What to work on
Look below for the line holding "Rainbow Rabbit 3d" and the line holding "Buckling resistance tester". Repeat those two and everything between, exactly.

*** Provided records

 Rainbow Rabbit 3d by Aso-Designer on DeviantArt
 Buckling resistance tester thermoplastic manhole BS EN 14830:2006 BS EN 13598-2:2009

******
*** Provided records

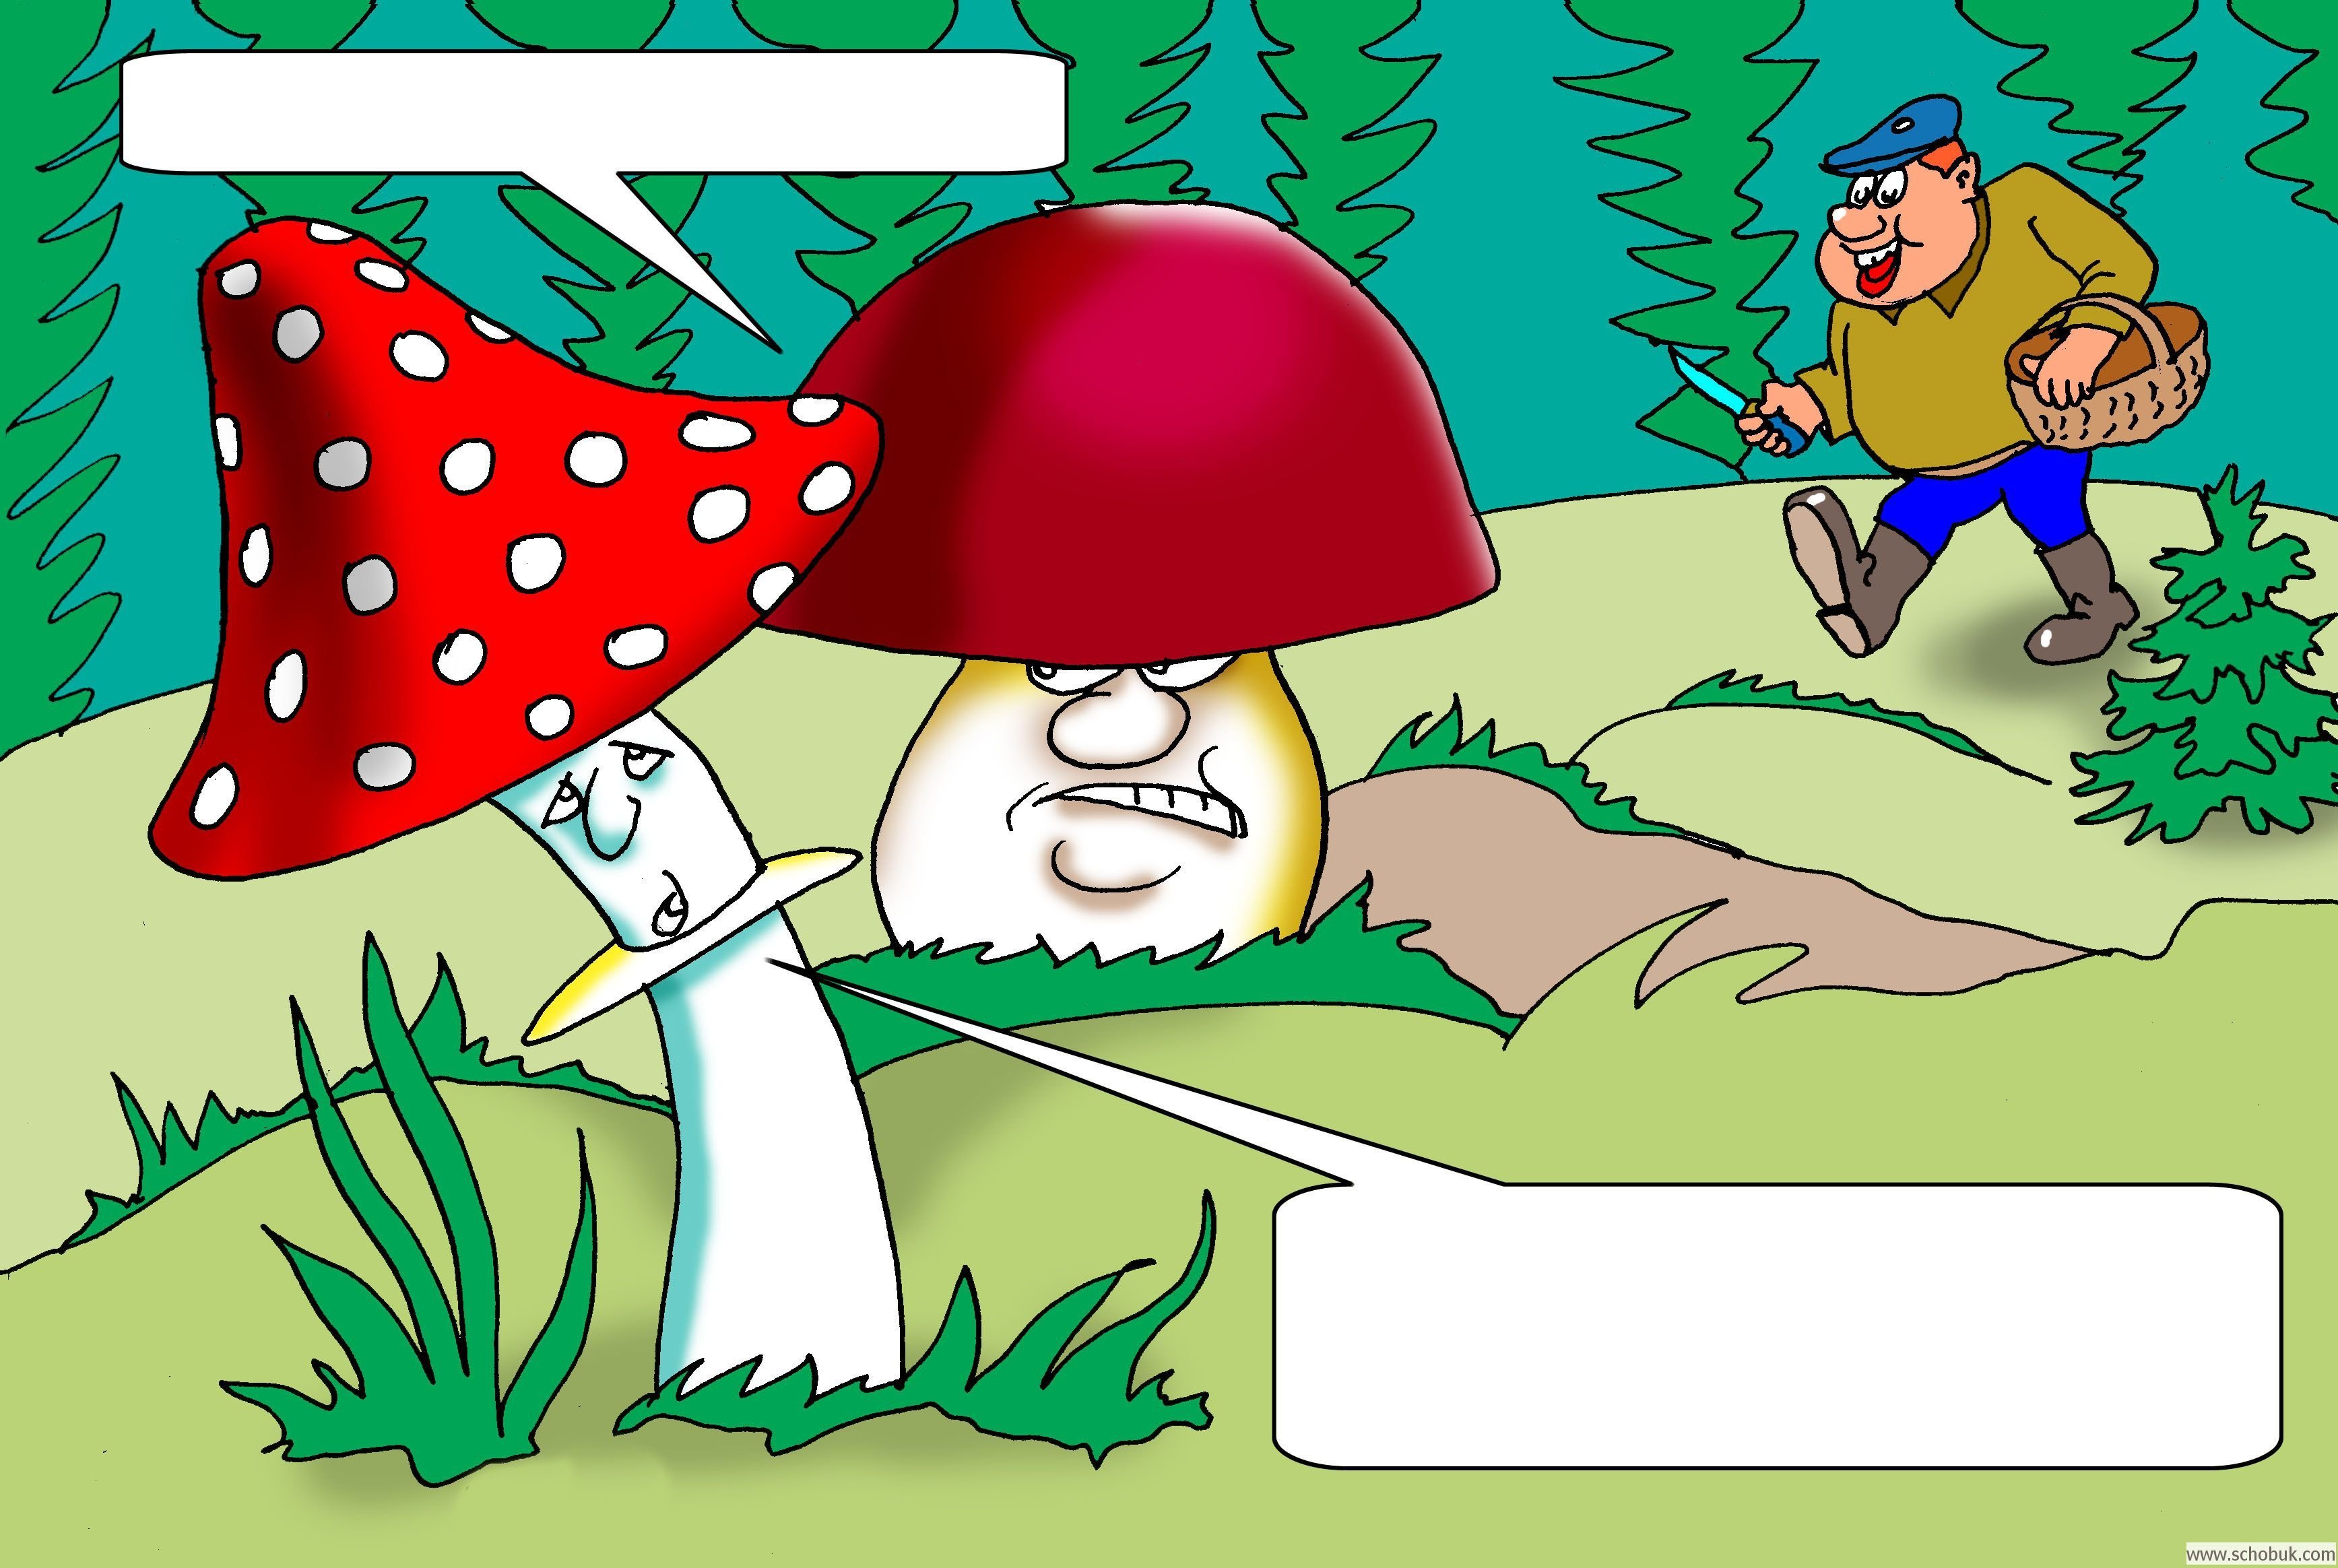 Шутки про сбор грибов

******
*** Provided records

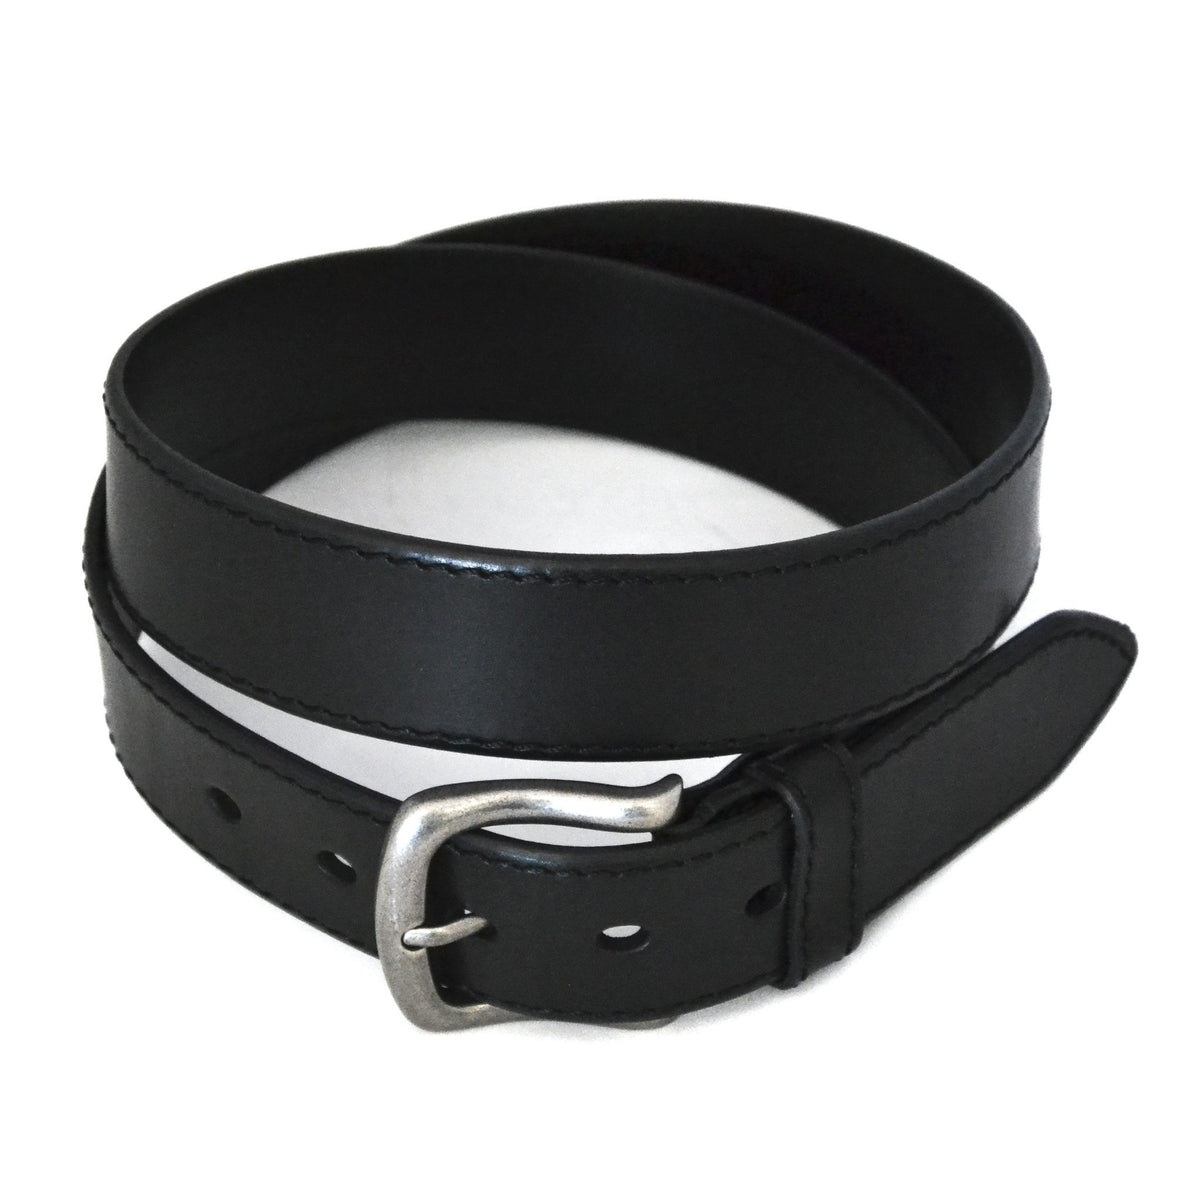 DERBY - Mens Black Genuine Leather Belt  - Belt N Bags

******

Reply to the task
 Rainbow Rabbit 3d by Aso-Designer on DeviantArt
 Buckling resistance tester thermoplastic manhole BS EN 14830:2006 BS EN 13598-2:2009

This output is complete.